I'd ask you to write out the lines below exactly, with no images.

INFORMATION SUPPLIED >>
= Beginning of Section =

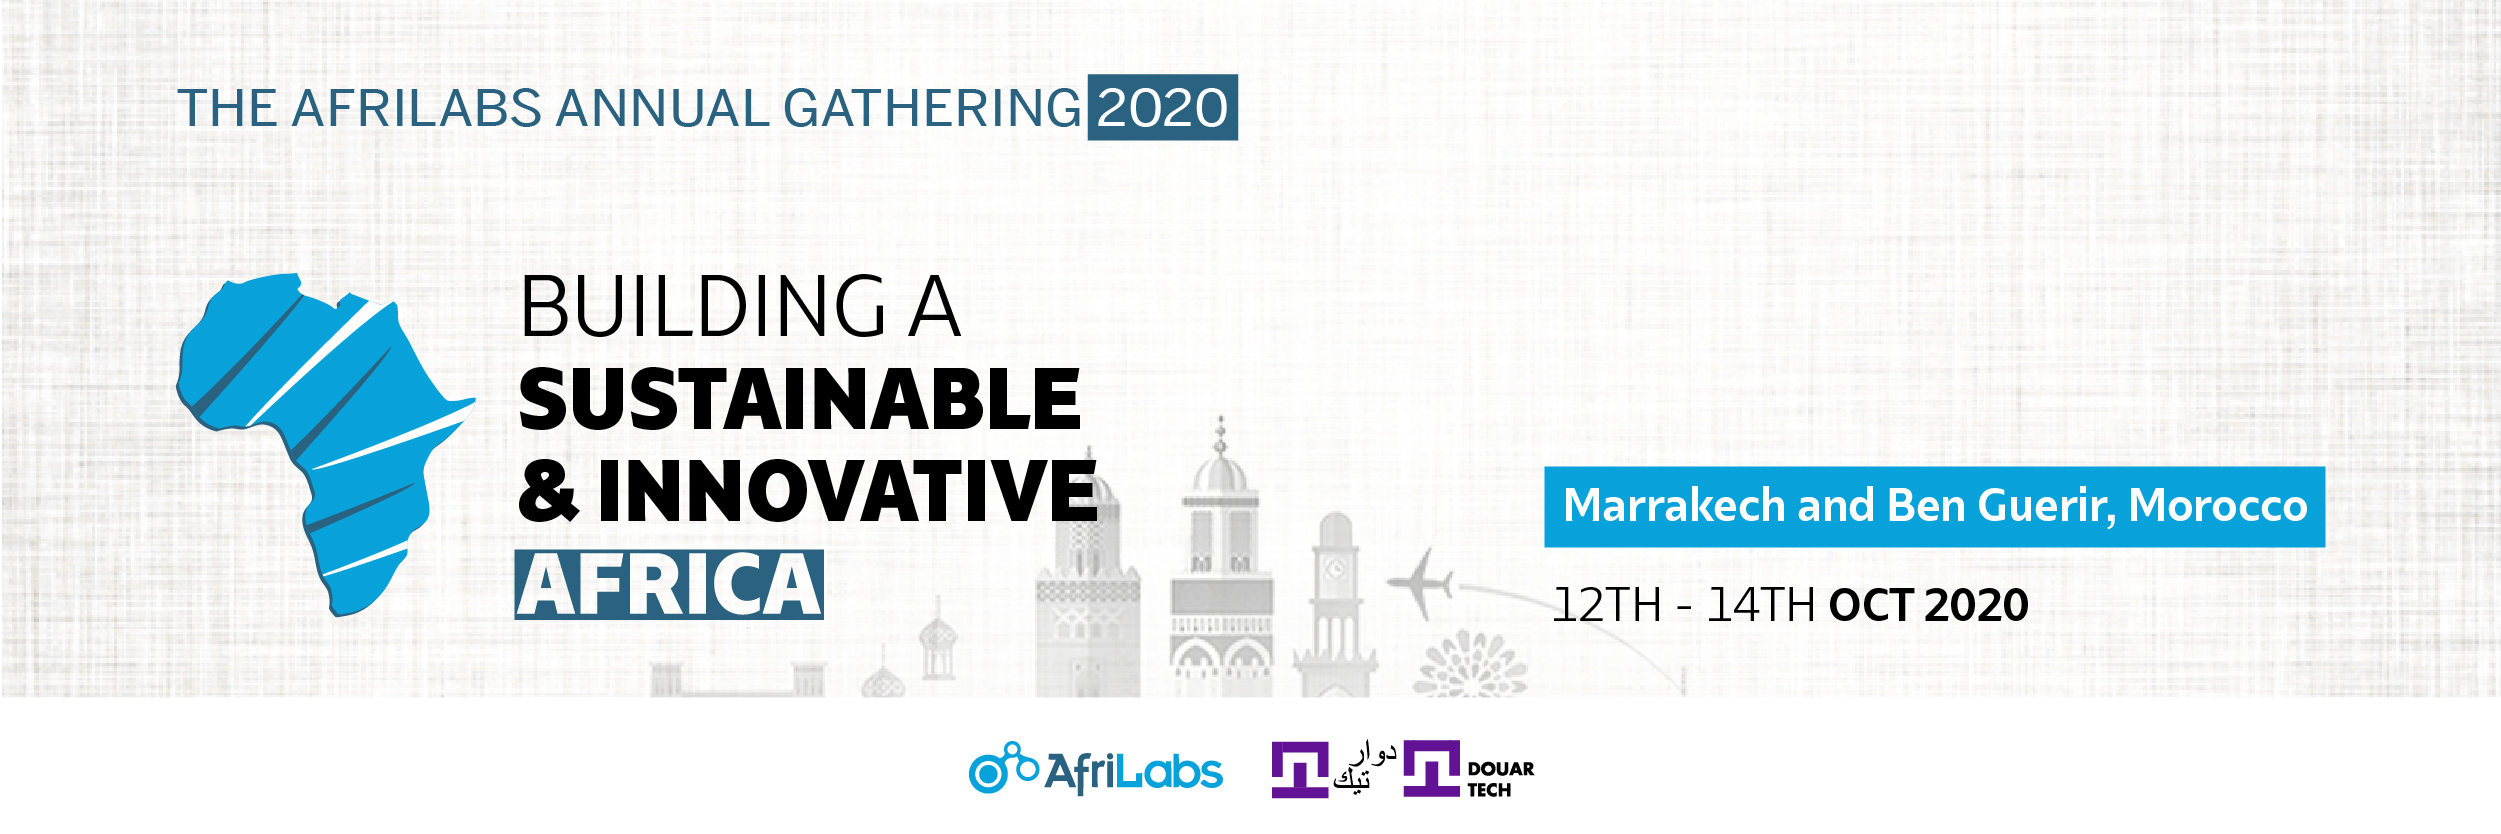 AfriLabs Annual Gathering 2020 to hold in Morocco with the theme “Building a Sustainable and Innovative Africa”
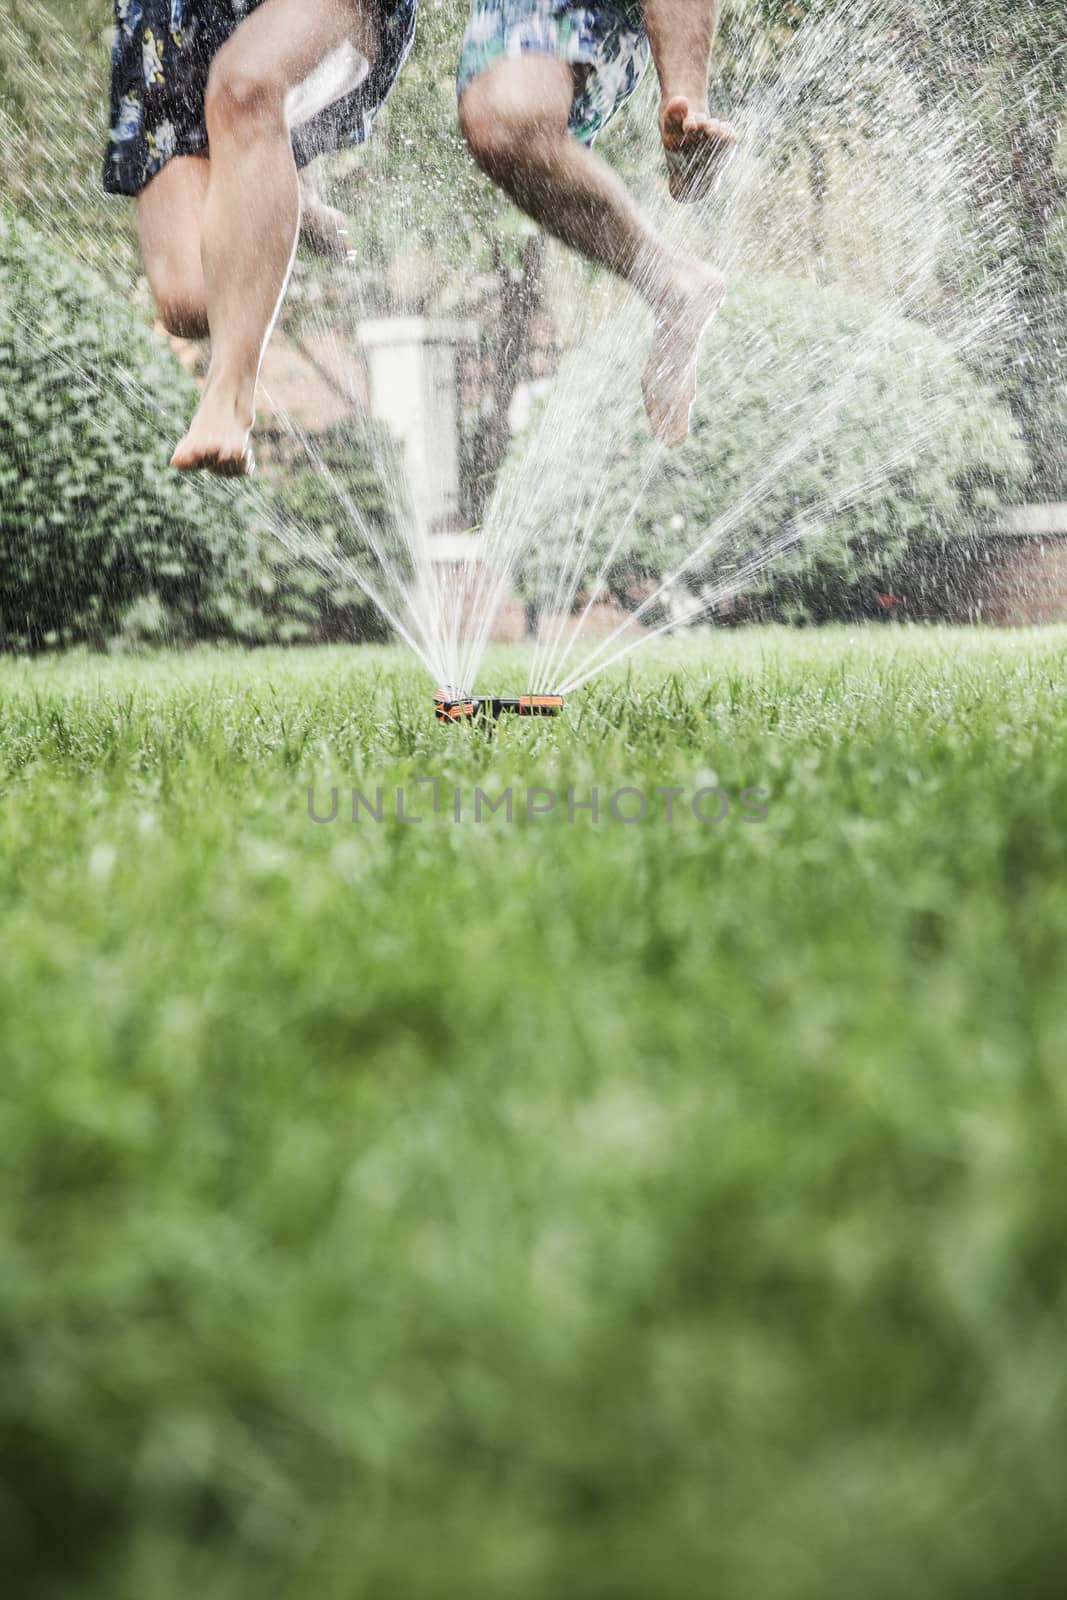 Two people jumping through a sprinkler, mid-air, surface level shot by XiXinXing
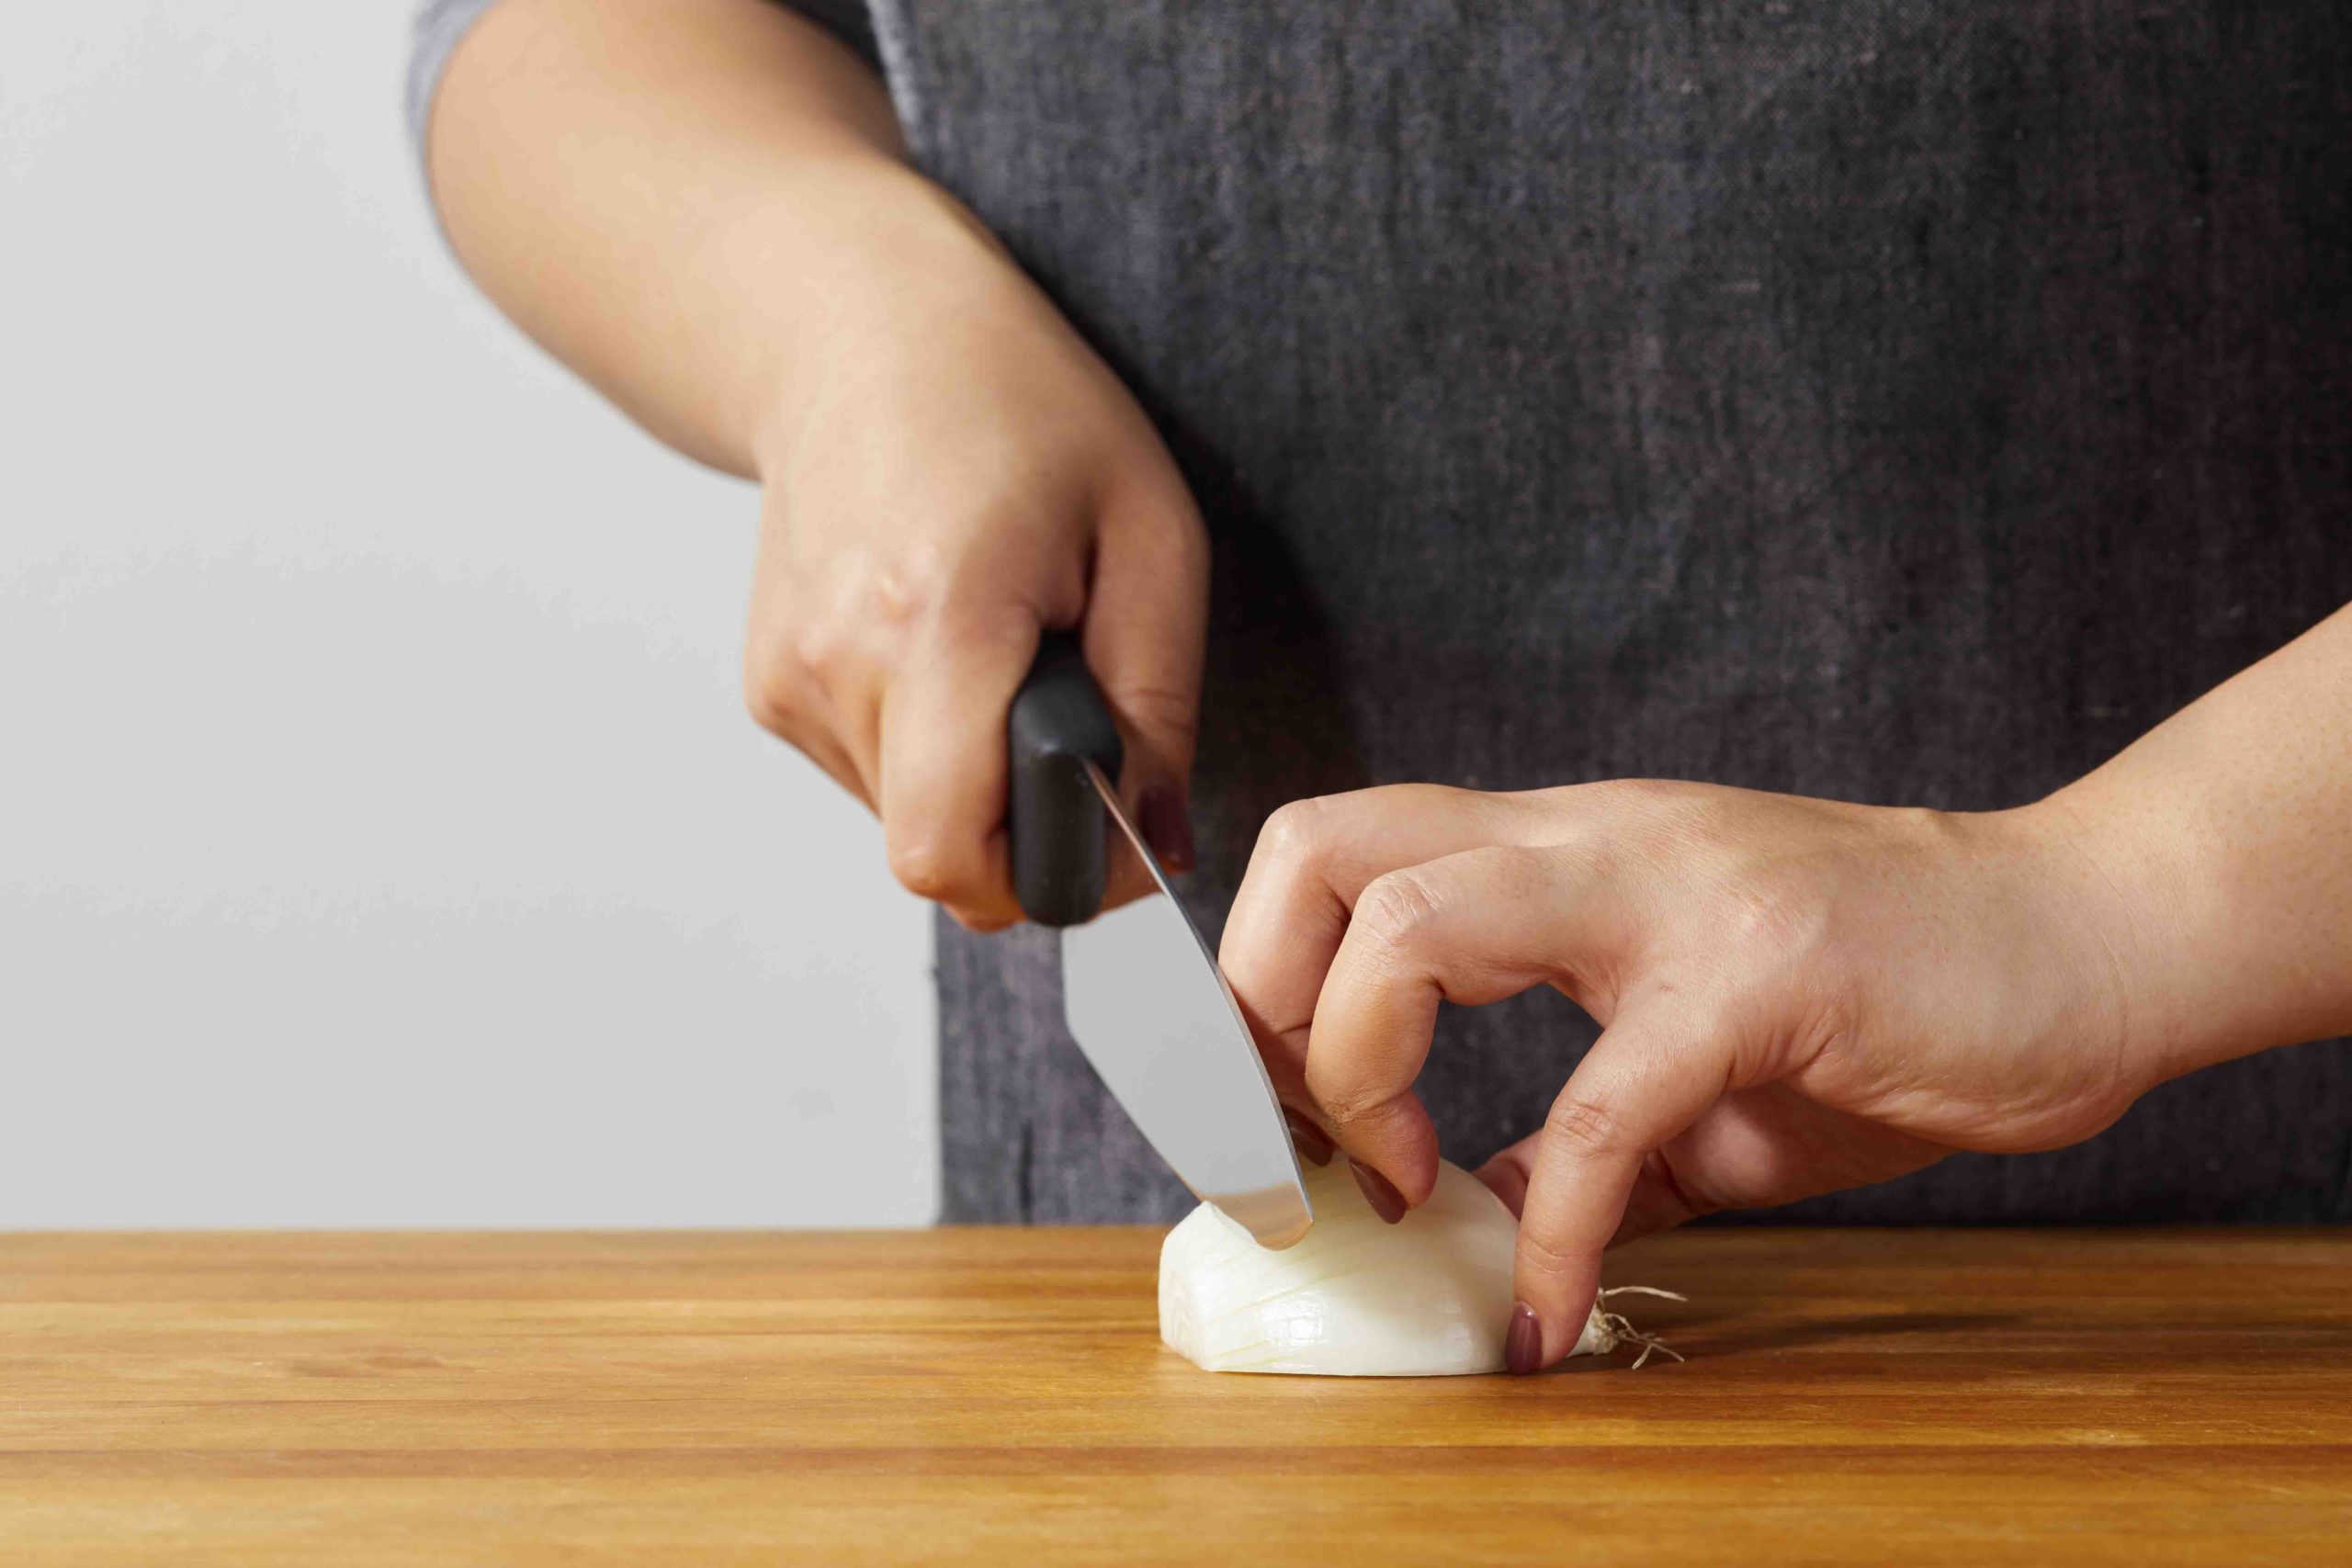 The midsection of a person who stands behind a counter working over a cutting board holding an onion, shaping their hand into a claw to avoid cutting the tips

= End of Section =

YOUR RESPONSE >>
 AfriLabs Annual Gathering 2020 to hold in Morocco with the theme “Building a Sustainable and Innovative Africa”
 Two people jumping through a sprinkler, mid-air, surface level shot by XiXinXing
 The midsection of a person who stands behind a counter working over a cutting board holding an onion, shaping their hand into a claw to avoid cutting the tips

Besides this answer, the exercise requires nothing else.